If Russian imperialism is not confronted and defeated in Ukraine, other countries will soon face similar threats. While Ukraine appears to be a particular obsession for both Putin and the wider Russian public, the list of other potential victims is long. The Baltic states and Moldova are among the most likely to become targets of Russian imperial aggression, while the nations of
Central Asia are clearly at risk. It is also worth noting that Poland and Finland were once part of the Russian Empire that Putin longs to resurrect.

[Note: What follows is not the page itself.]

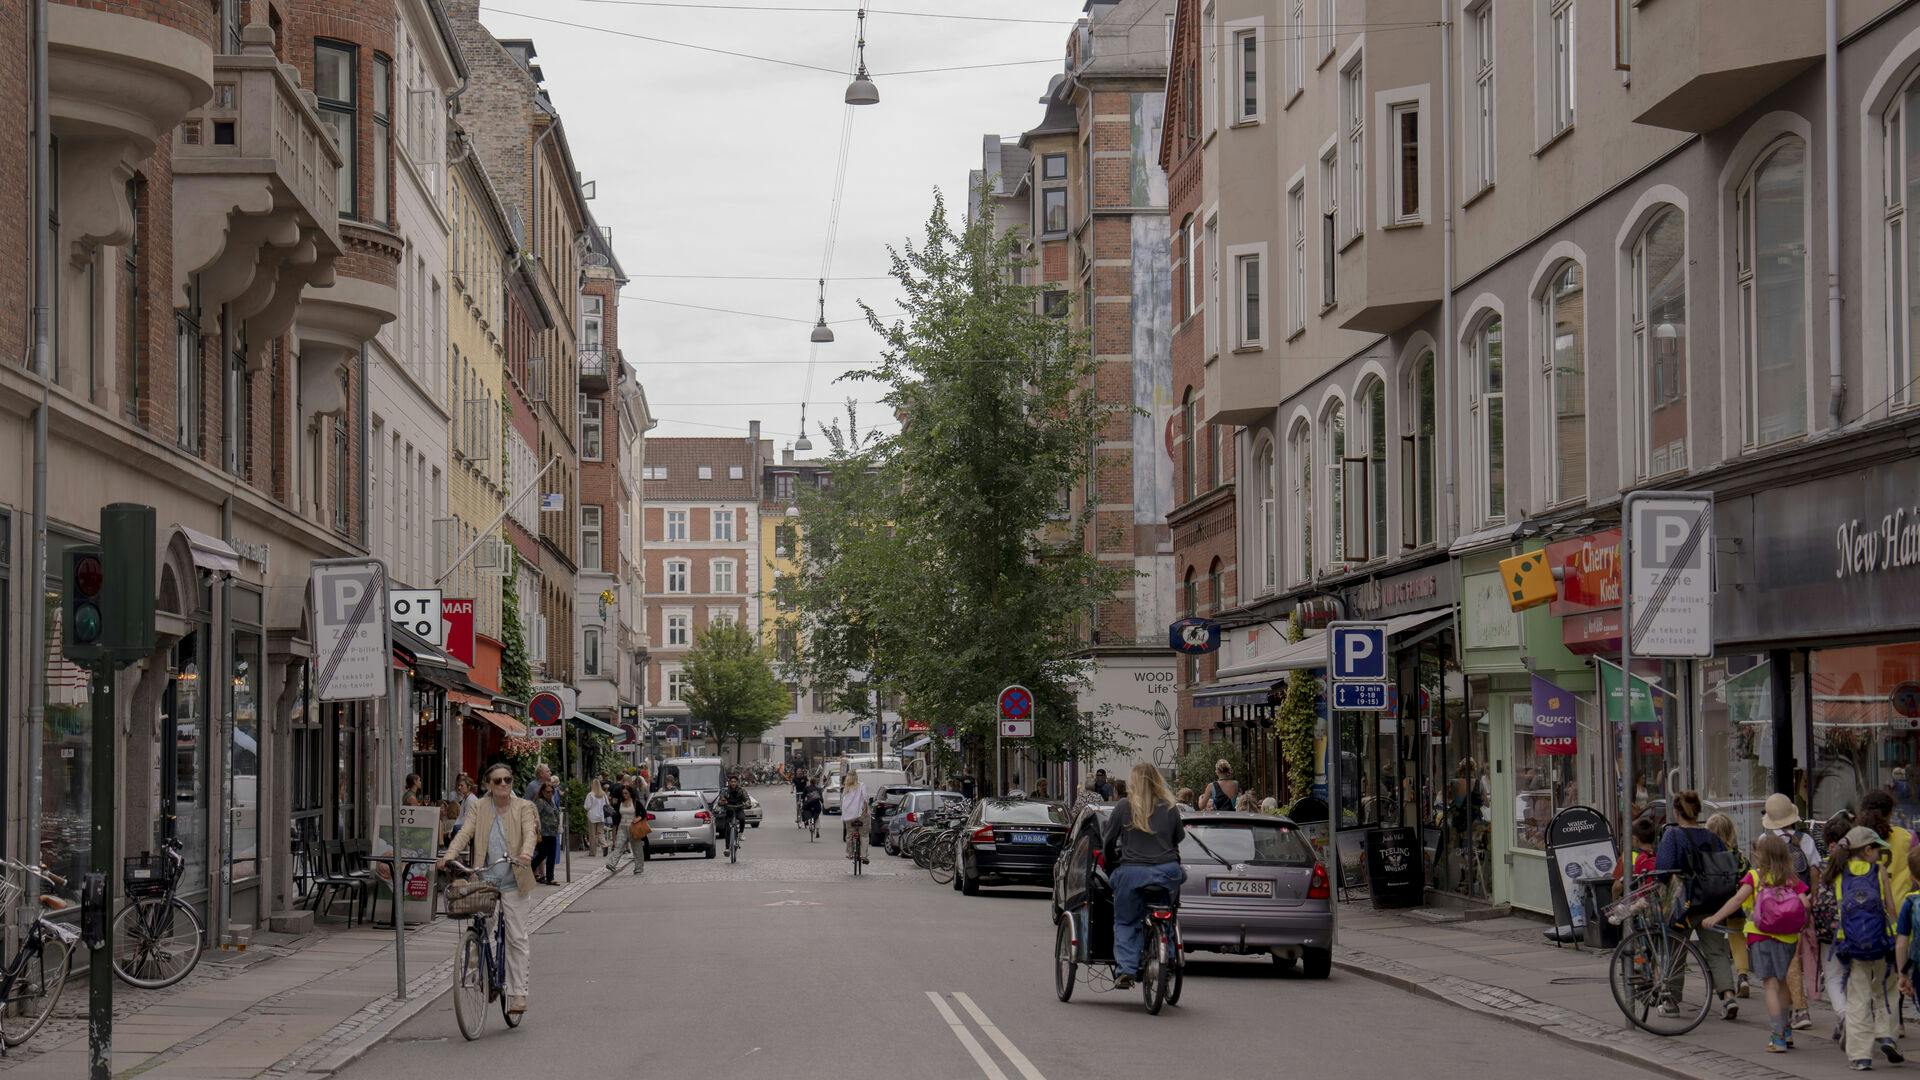 Værnedamsvej. Gaden er opkaldt efter en værtshusejer, Werner Dam, - og deler sig mellem København og Frederiksberg Her set fra Gl.Kongevej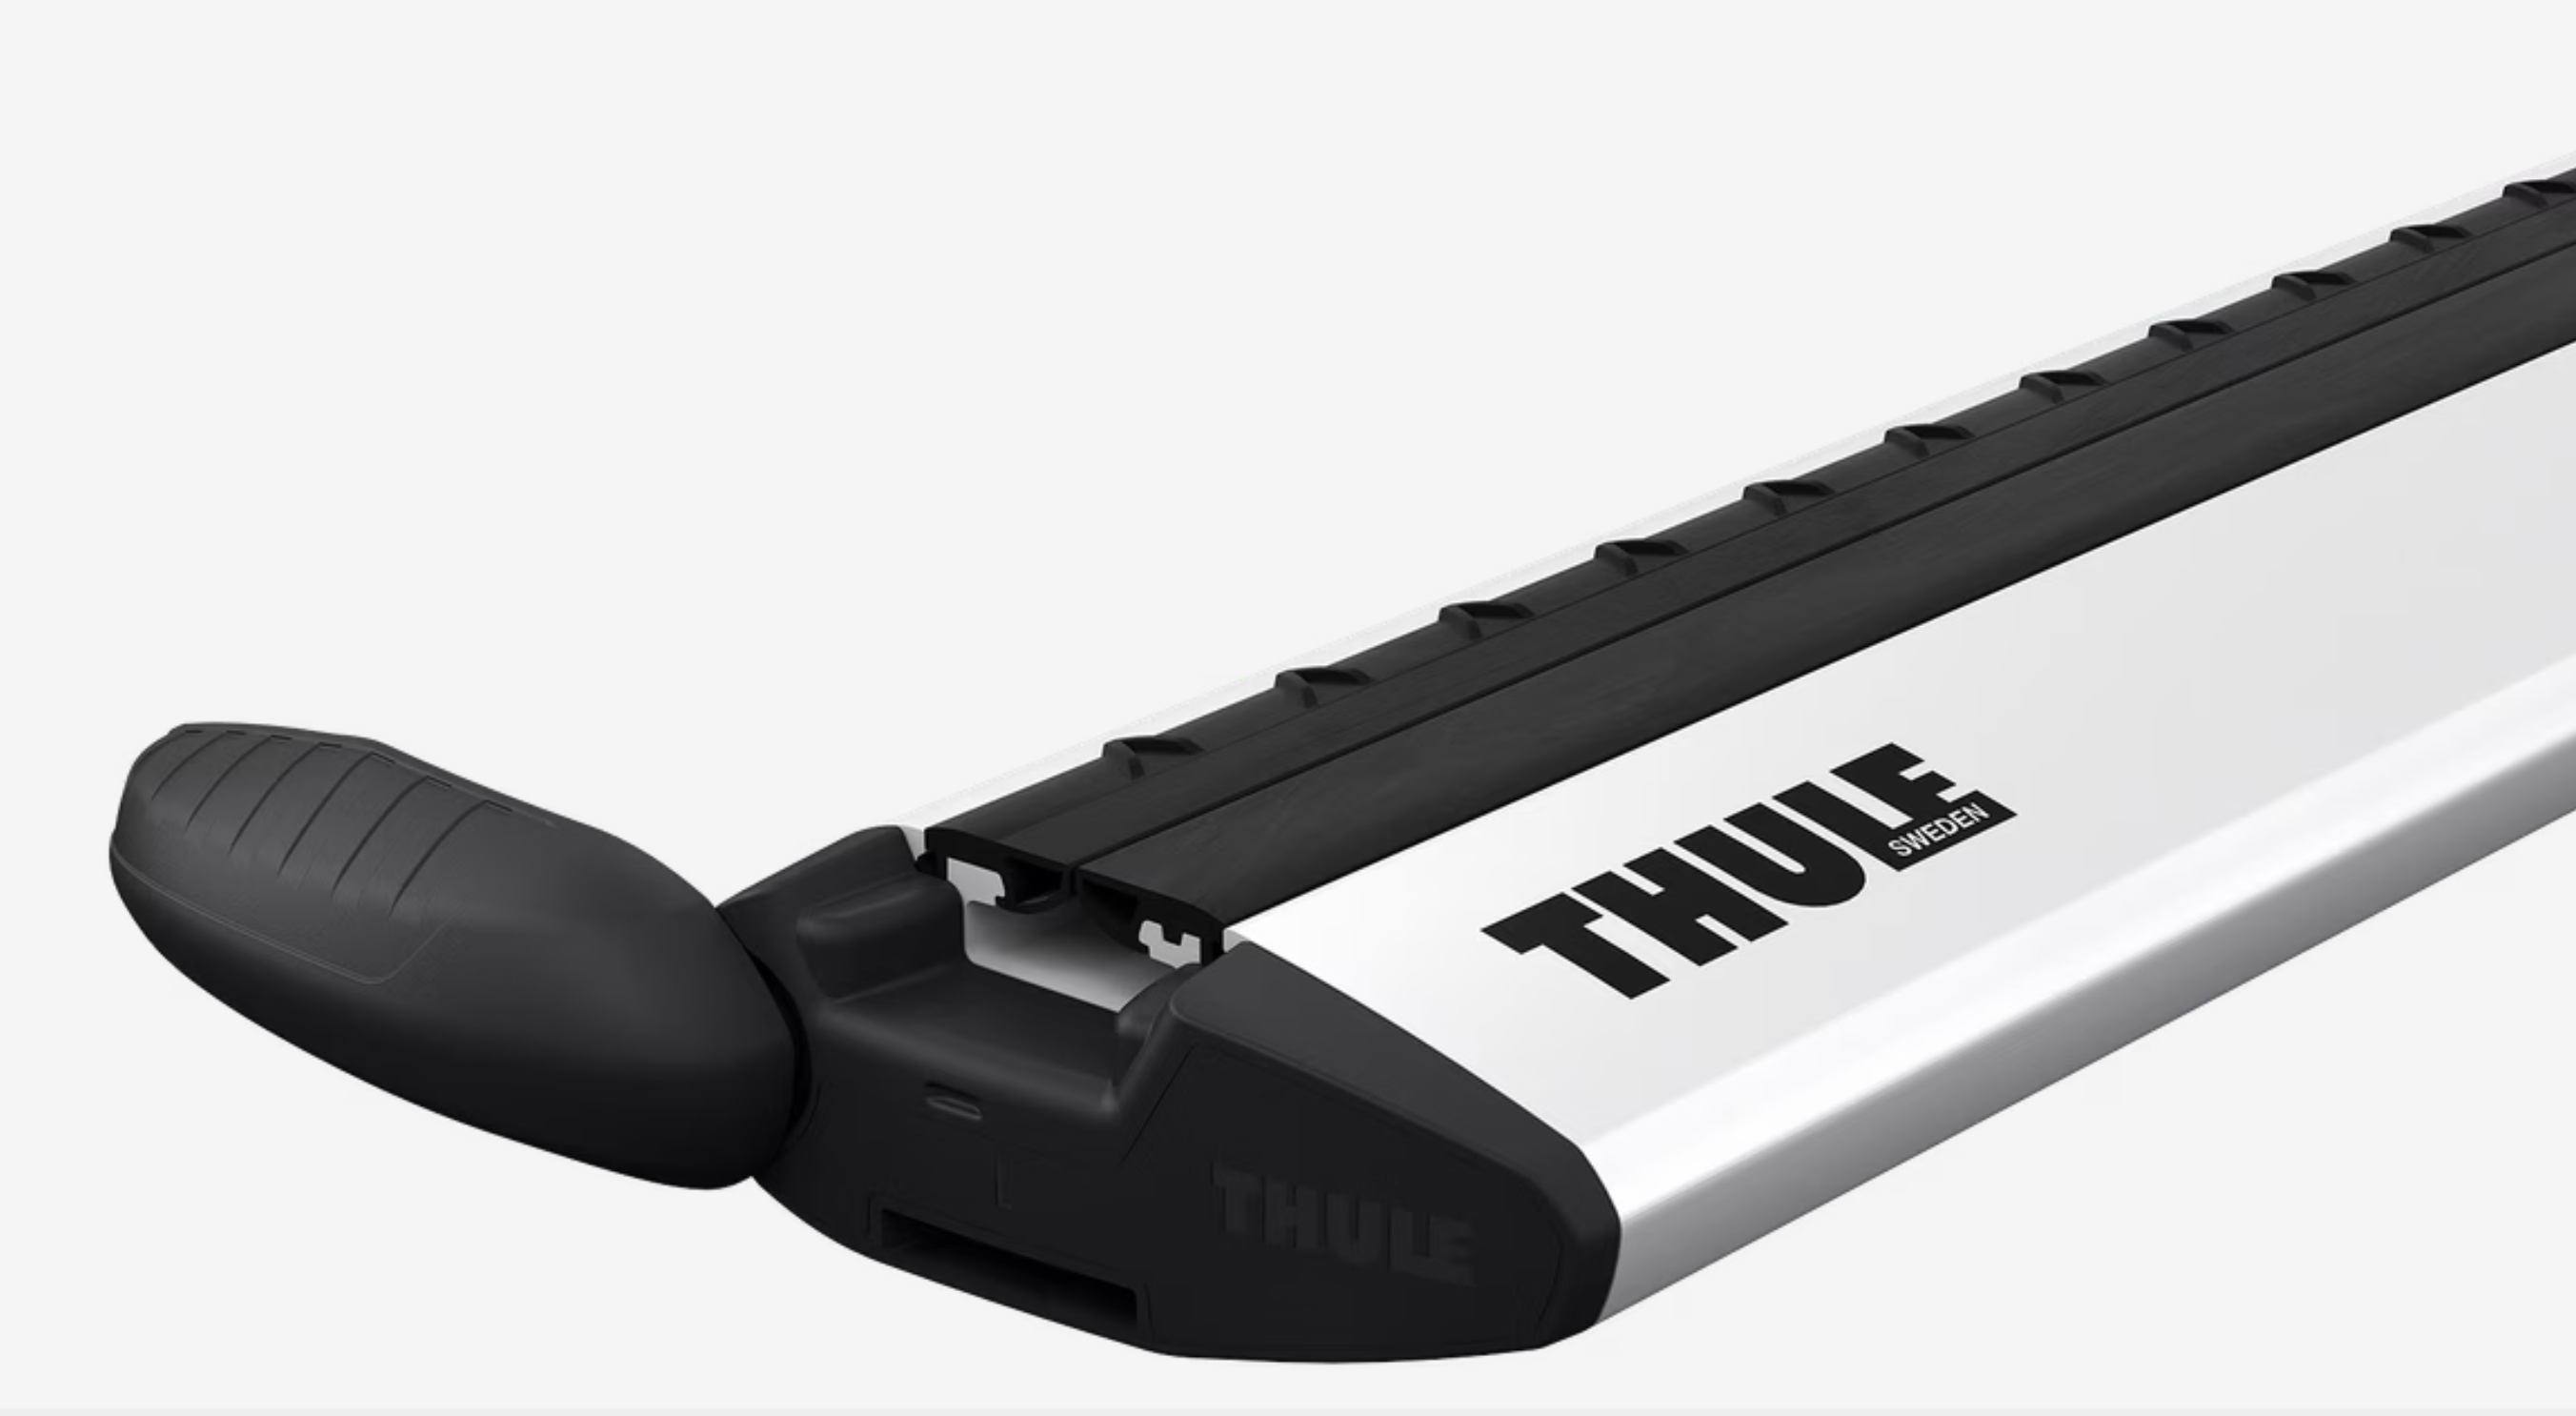 Thule Wingbar Evo 118 cm aluminio (2 barras)

For almost three decades, Western leaders have approached successive acts of Russian imperial aggression as isolated incidents and have sought to downplay their significance while focusing on the economic advantages of continuing to do business with Moscow. This has only served to encourage the Kremlin. The Chechen wars of the early post-Soviet years were followed by the 2008 invasion of Georgia and the 2014 seizure of Crimea. The current war is the latest milestone in this grim sequence but it will not be the last. Resurgent Russian imperialism now clearly poses the biggest single challenge to global security. Countering this threat must be the international community’s top priority.
Volodymyr Vakhitov is an assistant professor at the Kyiv School of Economics and head of BeSmart, the Center for Behavioral Studies and Communications. Natalia Zaika is a researcher at BeSmart, the Center for Behavioral Studies and Communications.